The re-emergence of the permanent campaign illustrates an aspect that is worthy of additional comment, its affect on legislation or (in Sinclair's term) governing. Recently I had an opportunity to visit with a House Democratic staff member who served the party leadership. She was offering insight on the question of how the party's relegation to the minority had affected its organization and leadership. In particular, she recalled the Democrats' efforts to delay or defeat the Republican legislative program, starting with the Contract With America. They had, she told me, always to consider the relative benefits of actually passing a bill. For the Democrats to pass a bill, they needed the votes of moderate Republicans. Yet it was precisely these Republicans whose seats the Democrats coveted in their quest to regain control of the House. To put a "good" bill on the floor meant giving the GOP moderates a "good" vote, one that they could take home to their districts demonstrating their moderation and independence. With the Senate in Republican control, the House Democrats had little hope of enacting legislation anyway. Therefore, the party had little incentive to compete with the Republicans, less to compromise. Instead, it made sense for the party to define issues for political purposes.

There were, of course, many occasions when the Democrats worked hard to develop alternatives to Republican proposals. But the goal was usually to attain near unanimity among Democrats rather than to swing Republicans to the Democratic side. The Republicans, realizing that they often had little prospect of obtaining Democratic votes, sought to unify their membership. The result is a sharply divided House in which positioning is more important than legislating. Many examples could be adduced to illustrate this point. Two main examples will suffice: the Democratic approach to social security and medicare, and the Republican approach to tax reduction.

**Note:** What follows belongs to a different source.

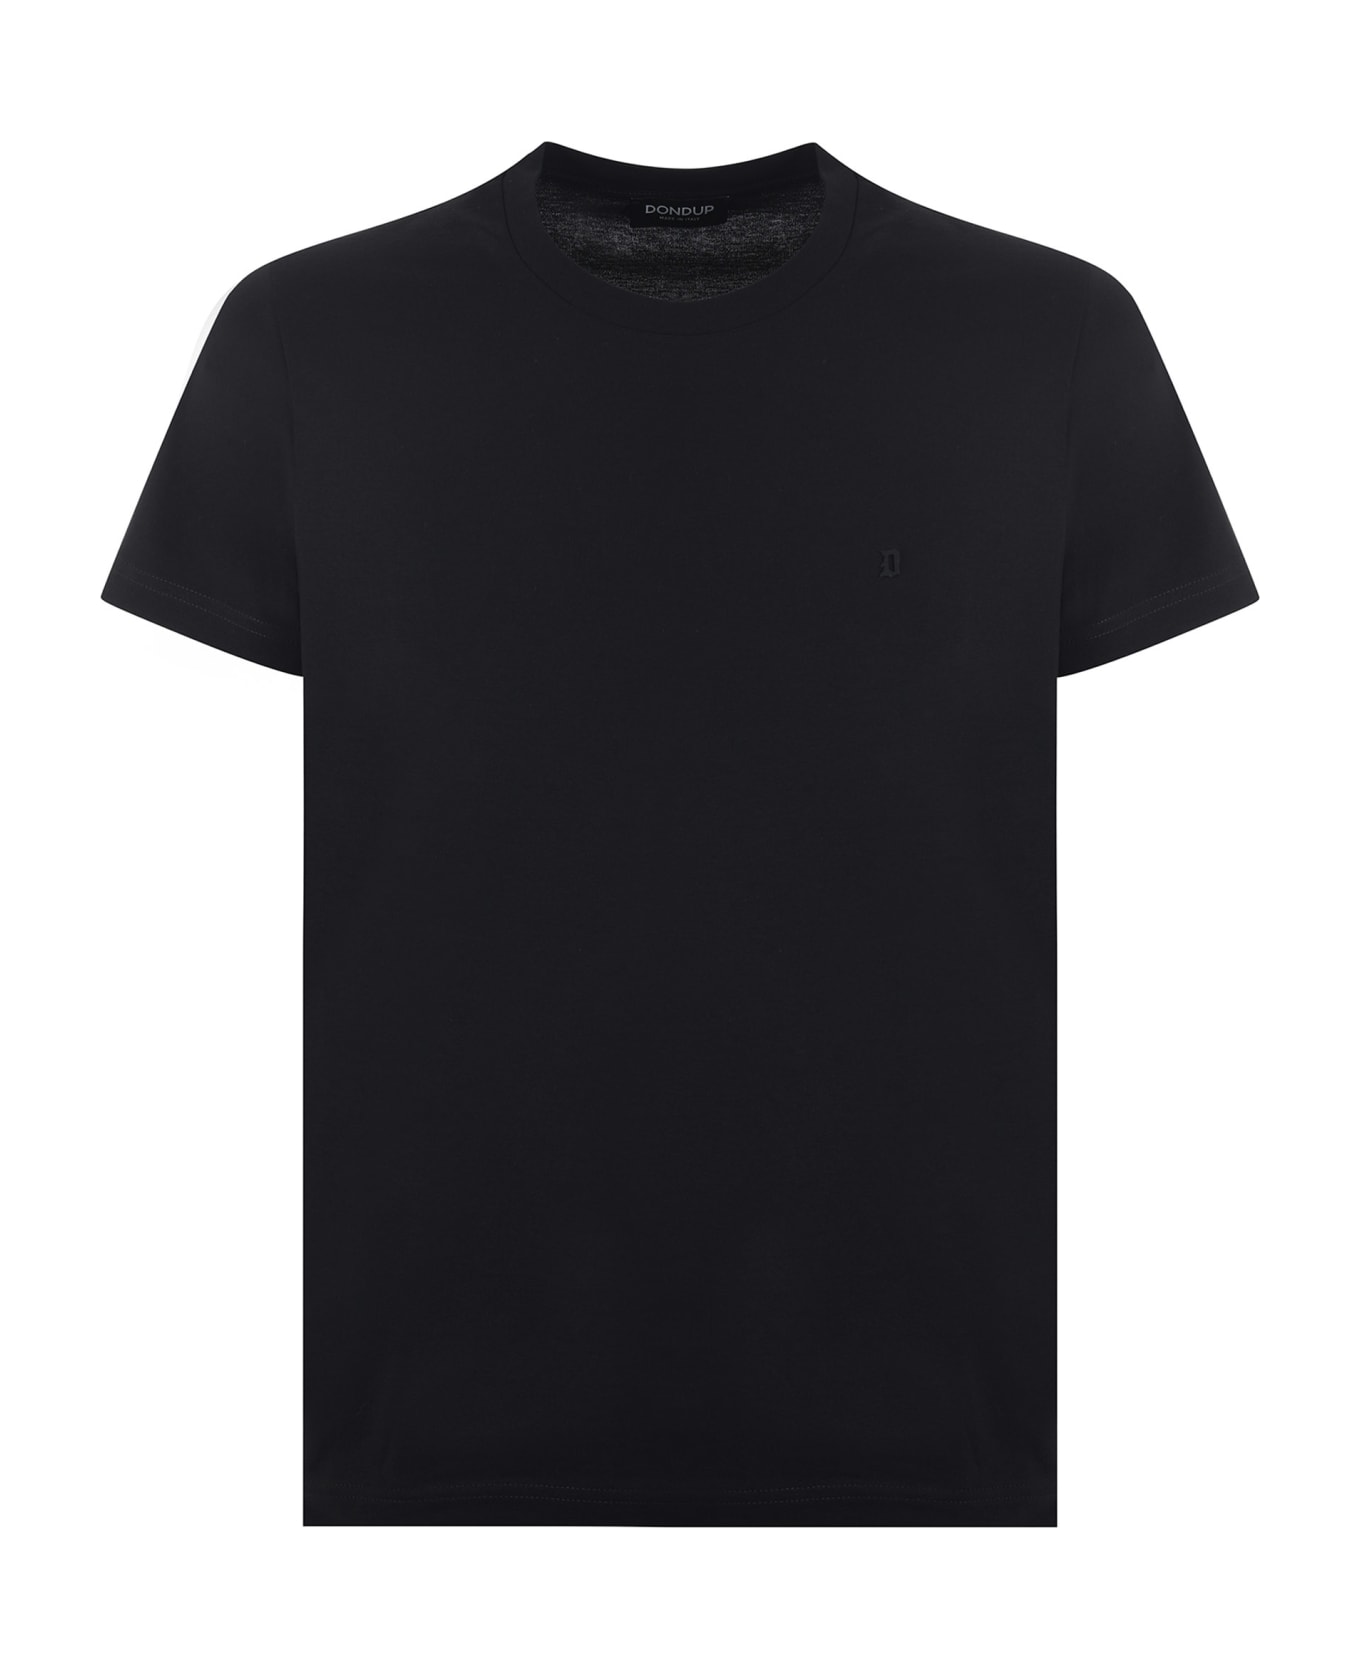 Dondup Round Neck T-shirt Dondup - Black

Thus, the permanent campaign does indeed have consequences for governance, the conditions under which members participate in the governing process reflects this fact, and the events of September 11 have not fundamentally altered the situation. What would affect it? The Bipartisan Campaign Reform Act of 2002 aims to diminish the role of "soft" money in campaigns while increasing the importance of "hard" money contributions and the role of interest groups. In due time we shall see what effect the legislation has had.